I took the pics very late last night, not long after I had them waxed (a few other knife handle blanks/scales), after I had the chance to have a better look into what I had there, but certainly not the right conditions to be taking pictures but, will do...!:wink::biggrin:

Now, you guys are probably wondering what type of wood this come from, the name is Grevillea Bush _(Grevillea Lavandulacea "Penola")_ a typical species from South Australia, and while the size of the biggest logs/pieces, where a lot bigger than you would expect to see, these "bushes" have been growing in that rich soil for about 35 years, and they have grown a little too big, reason why I was asked to trim them back, considerably...!
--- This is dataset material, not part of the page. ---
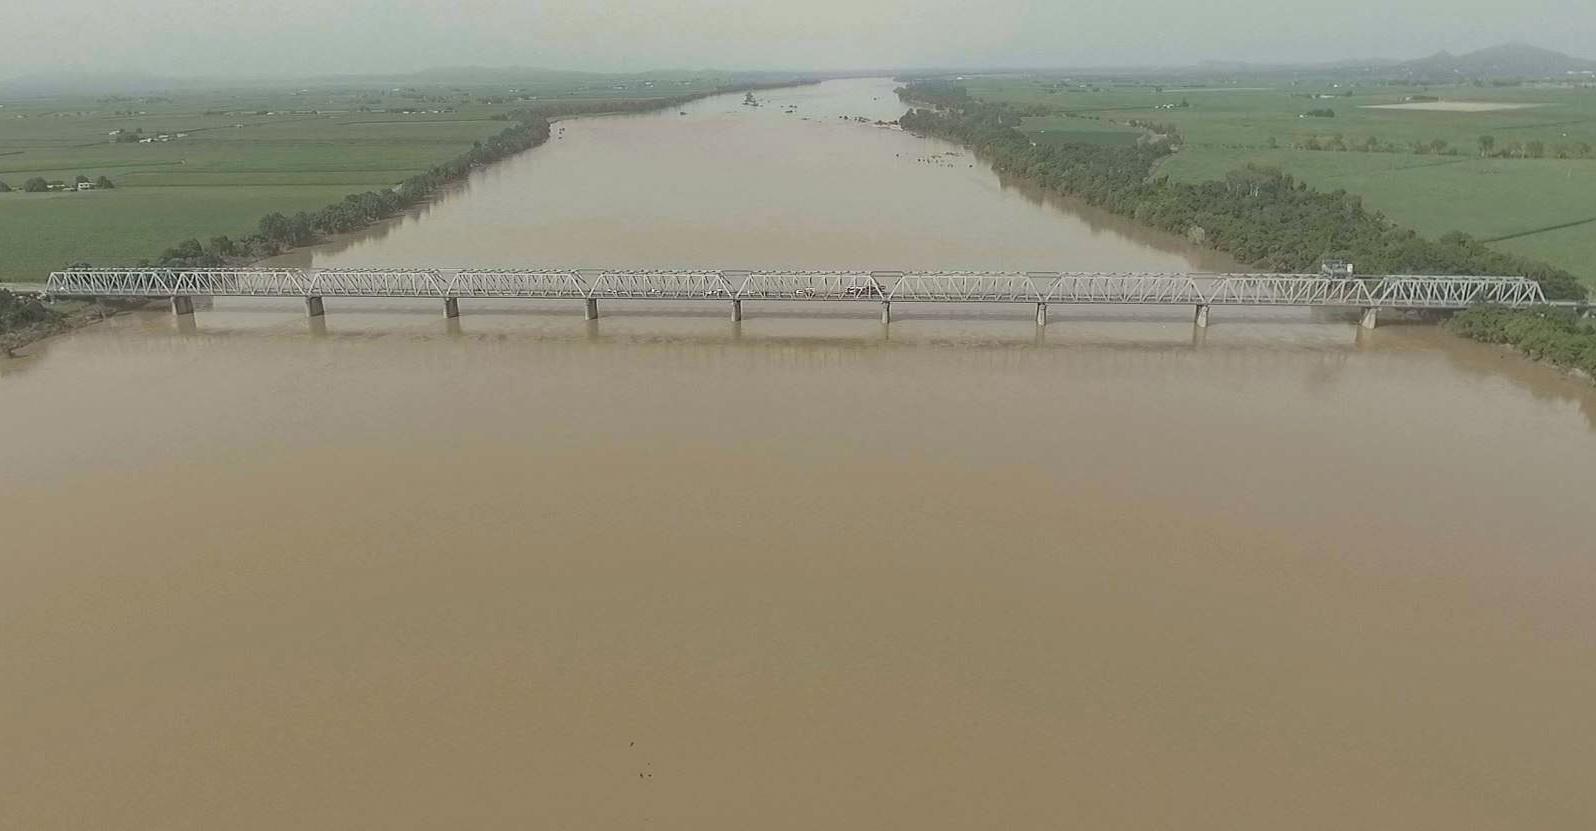 Burdekin River in flood Feb 2019

I have made many pen blanks from it also and some have the same grain and colouration as this piece but lost its "character" when cut into small pieces, any wood design is basically spoiled at that point, reason why I decided to look for some interesting pieces to make some knife handle blanks from...!
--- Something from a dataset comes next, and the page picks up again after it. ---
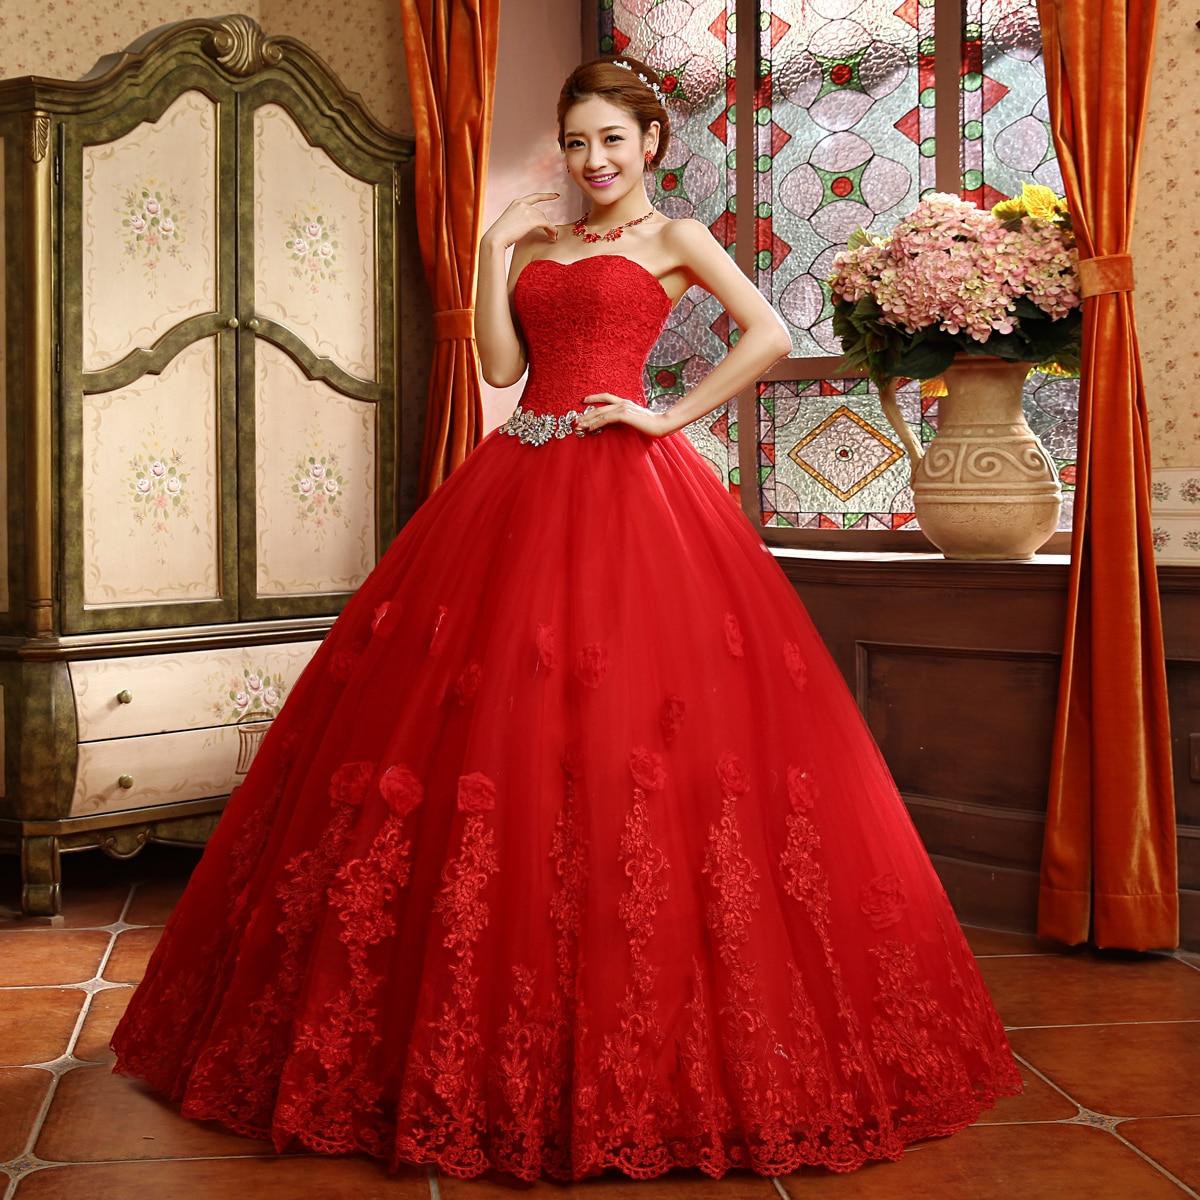 red wedding dresses red dress for wedding Callista

There is no doubt that, anyone that cuts wood in a bookmaching way, will find some very "interesting things", to say the least, this one is no exception...!

Some more pics attached,
Enjoy

Cheers
George


----------



## alamocdc (Aug 20, 2012)

Ok, George, I'm gonna be different now that I know the scale. Wood spirit or no, I'd put 'em on a knife! They would be killer!


----------



## CSue (Aug 20, 2012)

To me it looks like a wise old oriental man . . . 
Is that "bush" the grevallia?


----------



## robutacion (Aug 21, 2012)

CSue said:


> To me it looks like a wise old oriental man . . .
> Is that "bush" the grevallia?



Yes CSue, that is the Grevillea bush, the wood come from...!

Cheers
George


----------



## Ambidex (Aug 21, 2012)

*wood*

Might want to get it carbon-dated..perhaps another shroud of Turin?


----------